The Making and Unmaking of the Religious

Religion has risen to the fore of public debate worldwide, frequently identified as a cause of conflict, as a source of solidarity, and as major political force. Existing scholarship struggles to grasp these global transformations due to disciplinary fragmentation, a tendency toward Eurocentric bias, and an overemphasis on bounded religions. The proposed Cluster of Excellence begins from the premise that comprehending contemporary religious reconfigurations requires genuinely interdisciplinary conversations linking the making and unmaking of the religious across time and place. To reorient the academic study of religion, this cluster departs from the conventional focus on predefined “religions”. Instead it advances basic research on “the religious”, encompassing a range of religious formations, from fluid religiosities to established religious traditions, and institutionally formatted religious domains.

The cluster draws on a unique concentration of research strengths at the University of Göttingen and its partners at the Göttingen Campus, including the Max Planck Institute for the Study of Religious and Ethnic Diversity and the Göttingen Academy of Sciences and Humanities. It integrates third-party funded collaboration, such as BMBF-funded transregional networks and the DFG-funded Collaborative Research Centre ‘Education and Religion’. Scientifically, the cluster will analyse sociocultural micro-dynamics of making and unmaking the religious across historical time periods and cultural settings, ranging from Europe, to the Middle East, Africa, and Asia. The focus on these micro-dynamics will reveal practices of drawing the boundaries that demarcate religious from non-religious domains and that delineate inter- as well as intrareligious differences.

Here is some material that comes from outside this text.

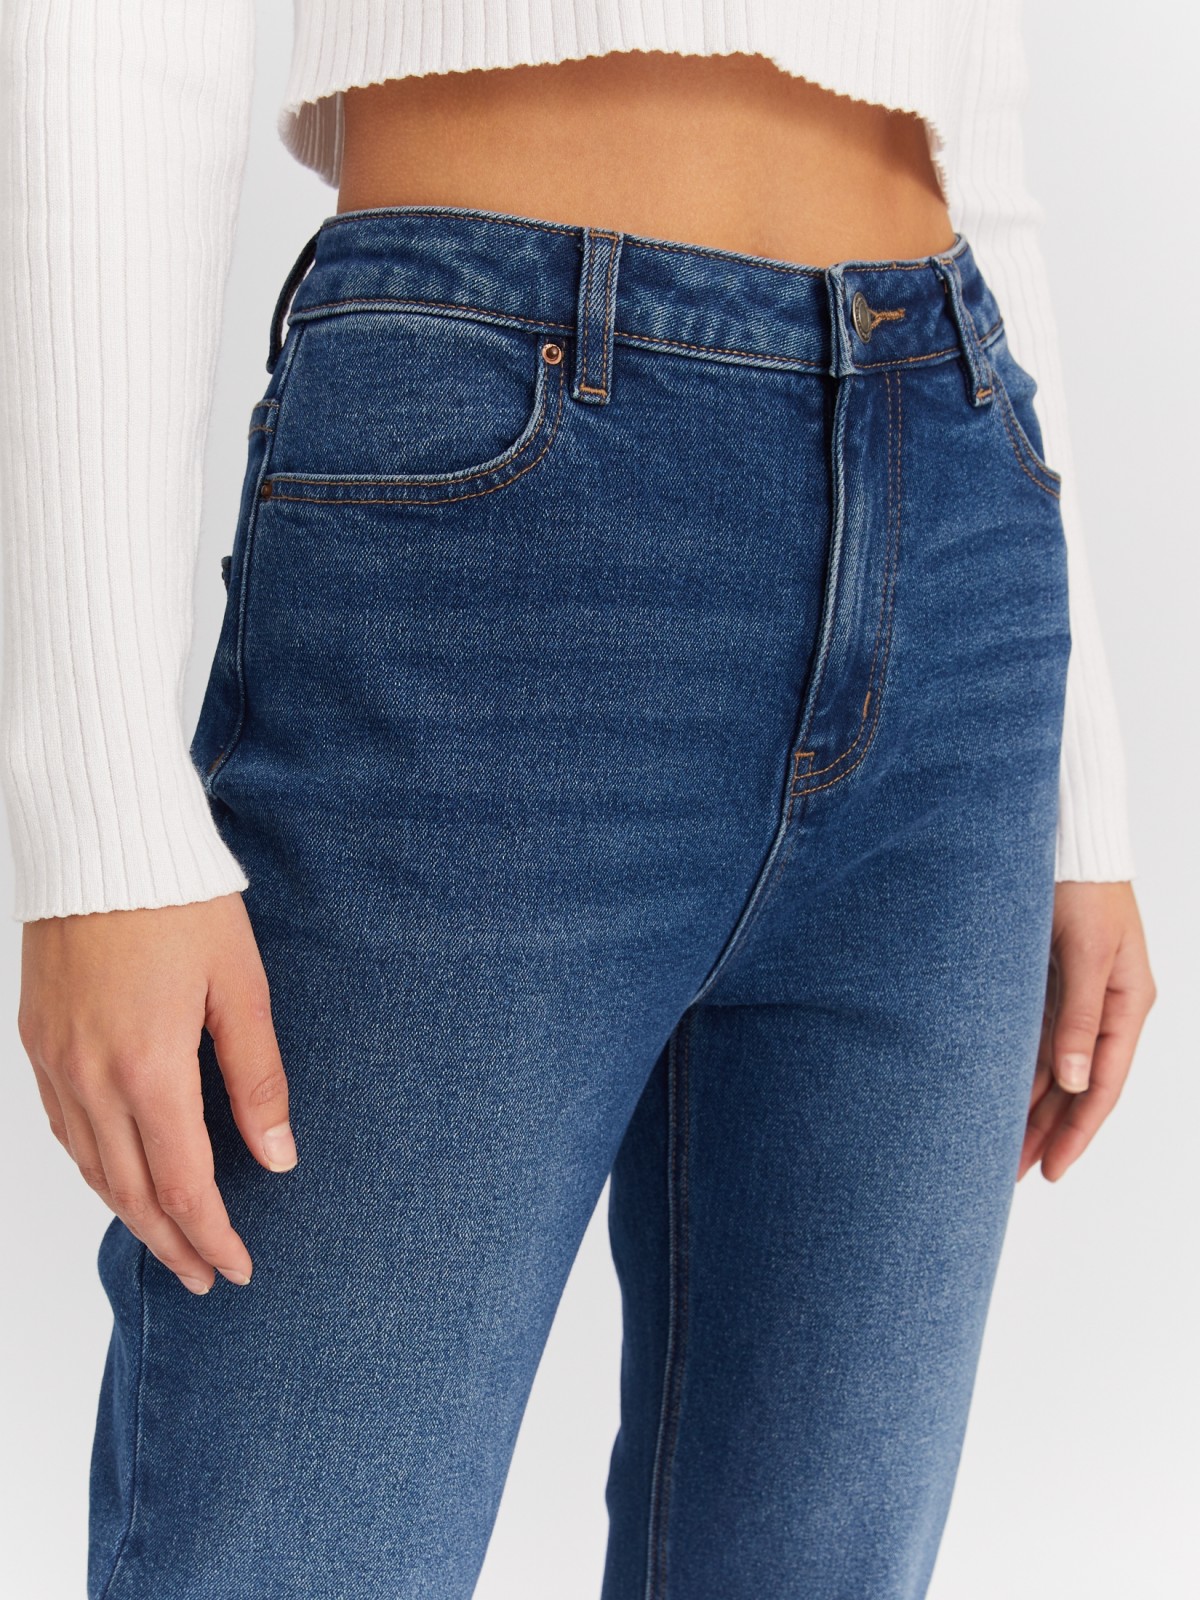 Утеплённые джинсы силуэта Mom Comfort с высокой посадкой

The cluster will study practices of religious boundary-drawing across three research areas: (1) regulating the religious – law, networks, and dissent; (2) knowledge and the religious – texts, concepts, and contexts; and (3) materiality of the religious – objects, bodies, sounds, and spaces. The cluster will integrate comparative methods with the study of transregional entanglements, and it will develop new research tools for studying the religious in a digital age. Structurally, the cluster aims to broaden and deepen existing collaborations, with formats ideally suited to defining and exploring the intellectual contours of innovative research fields. It will pursue a recruitment strategy designed to attract the best early career researchers, and will create an international hub for scholars across Asia, Europe, and North America committed to reorganising the interdisciplinary study of religion. In sum, the proposed Cluster of Excellence is designed to make intelligible the unsettled and contested nature of religious boundary configurations, past and present, near and far, thereby enriching public discourse on religion and the religious in Germany and abroad.